Fastest 4KB JS implementation of secp256k1 signatures & ECDH.

- ✍️ Deterministic [ECDSA](https://en.wikipedia.org/wiki/Elliptic_Curve_Digital_Signature_Algorithm)

  signatures compliant with [RFC6979](https://www.rfc-editor.org/rfc/rfc6979)

- 🤝 Elliptic Curve Diffie-Hellman [ECDH](https://en.wikipedia.org/wiki/Elliptic-curve_Diffie–Hellman)

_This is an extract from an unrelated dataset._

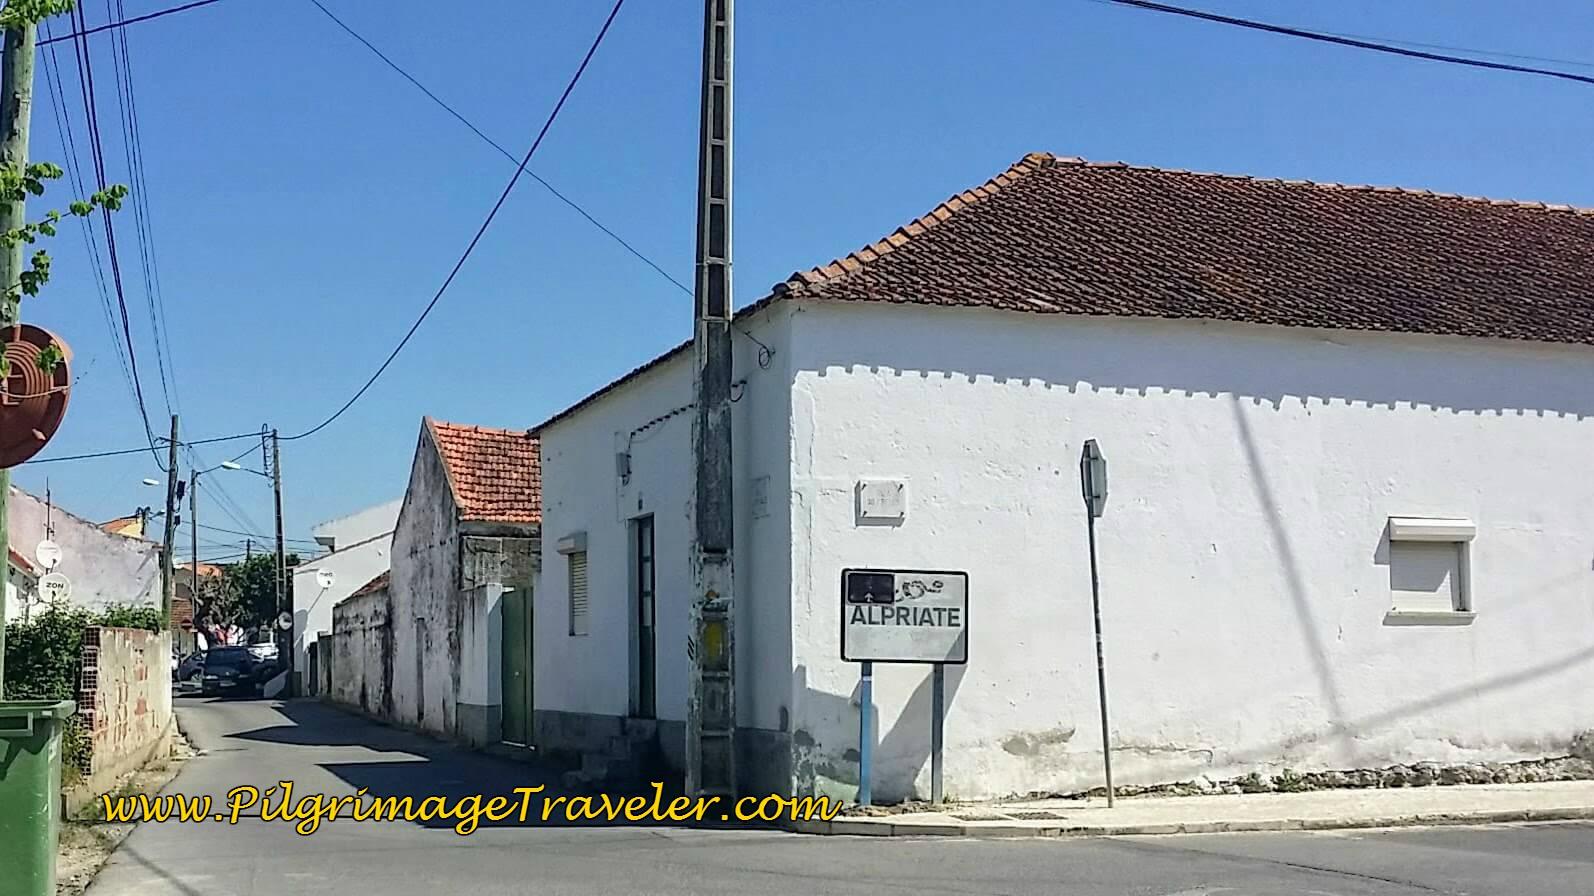 Entering Alpriate, Portugal

- 📦 Pure ESM, can be imported without transpilers

- 🪶 4KB gzipped, 450 lines of code

Use larger drop-in replacement [noble-curves](https://github.com/paulmillr/noble-curves) instead,

if you need additional features such as common.js, Schnorr signatures, DER encoding or support for different hash functions. To upgrade from v1 to v2, see [Upgrading](#upgrading).

### This library belongs to _noble_ cryptography

> **noble-cryptography** — high-security, easily auditable set of contained cryptographic libraries and tools.

- Zero or minimal dependencies

- Highly readable TypeScript / JS code

- PGP-signed releases and transparent NPM builds with provenance

- Check out [homepage](https://paulmillr.com/noble/) & all libraries:

  [ciphers](https://github.com/paulmillr/noble-ciphers),

  [curves](https://github.com/paulmillr/noble-curves),

  [hashes](https://github.com/paulmillr/noble-hashes),

  [post-quantum](https://github.com/paulmillr/noble-post-quantum),

  4kb [secp256k1](https://github.com/paulmillr/noble-secp256k1) /

  [ed25519](https://github.com/paulmillr/noble-ed25519)

## Usage

> `npm install @noble/secp256k1`

> `deno add @noble/secp256k1`

We support all major platforms and runtimes. For node.js <= 18 and React Native, additional polyfills are needed: see below.

```js

import * as secp from '@noble/secp256k1';

// import * as secp from "https://unpkg.com/@noble/secp256k1"; // Unpkg

(async () => {

  // Uint8Arrays or hex strings are accepted:

  // Uint8Array.from([0xde, 0xad, 0xbe, 0xef]) is equal to 'deadbeef'

  const privKey = secp.utils.randomPrivateKey(); // Secure random private key

  // sha256 of 'hello world'

  const msgHash = 'b94d27b9934d3e08a52e52d7da7dabfac484efe37a5380ee9088f7ace2efcde9';

  const pubKey = secp.getPublicKey(privKey);

  const signature = await secp.signAsync(msgHash, privKey); // Sync methods below

  const isValid = secp.verify(signature, msgHash, pubKey);

  const alicesPubkey = secp.getPublicKey(secp.utils.randomPrivateKey());

  secp.getSharedSecret(privKey, alicesPubkey); // Elliptic curve diffie-hellman

  signature.recoverPublicKey(msgHash); // Public key recovery

})();

```

Additional polyfills for some environments:

```ts

// 1. Enable synchronous methods.

// Only async methods are available by default, to keep the library dependency-free.

import { hmac } from '@noble/hashes/hmac';

import { sha256 } from '@noble/hashes/sha256';

secp.etc.hmacSha256Sync = (k, ...m) => hmac(sha256, k, secp.etc.concatBytes(...m));

// Sync methods can be used now:

// secp.sign(msgHash, privKey);

// 2. node.js 18 and older, requires polyfilling globalThis.crypto

import { webcrypto } from 'node:crypto';

// @ts-ignore

if (!globalThis.crypto) globalThis.crypto = webcrypto;

// 3. React Native needs crypto.getRandomValues polyfill and sha512

import 'react-native-get-random-values';

import { hmac } from '@noble/hashes/hmac';

import { sha256 } from '@noble/hashes/sha256';

secp.etc.hmacSha256Sync = (k, ...m) => hmac(sha256, k, secp.etc.concatBytes(...m));

secp.etc.hmacSha256Async = (k, ...m) => Promise.resolve(secp.etc.hmacSha256Sync(k, ...m));

```

## API

There are 3 main methods: `getPublicKey(privateKey)`,

`sign(messageHash, privateKey)` and

`verify(signature, messageHash, publicKey)`.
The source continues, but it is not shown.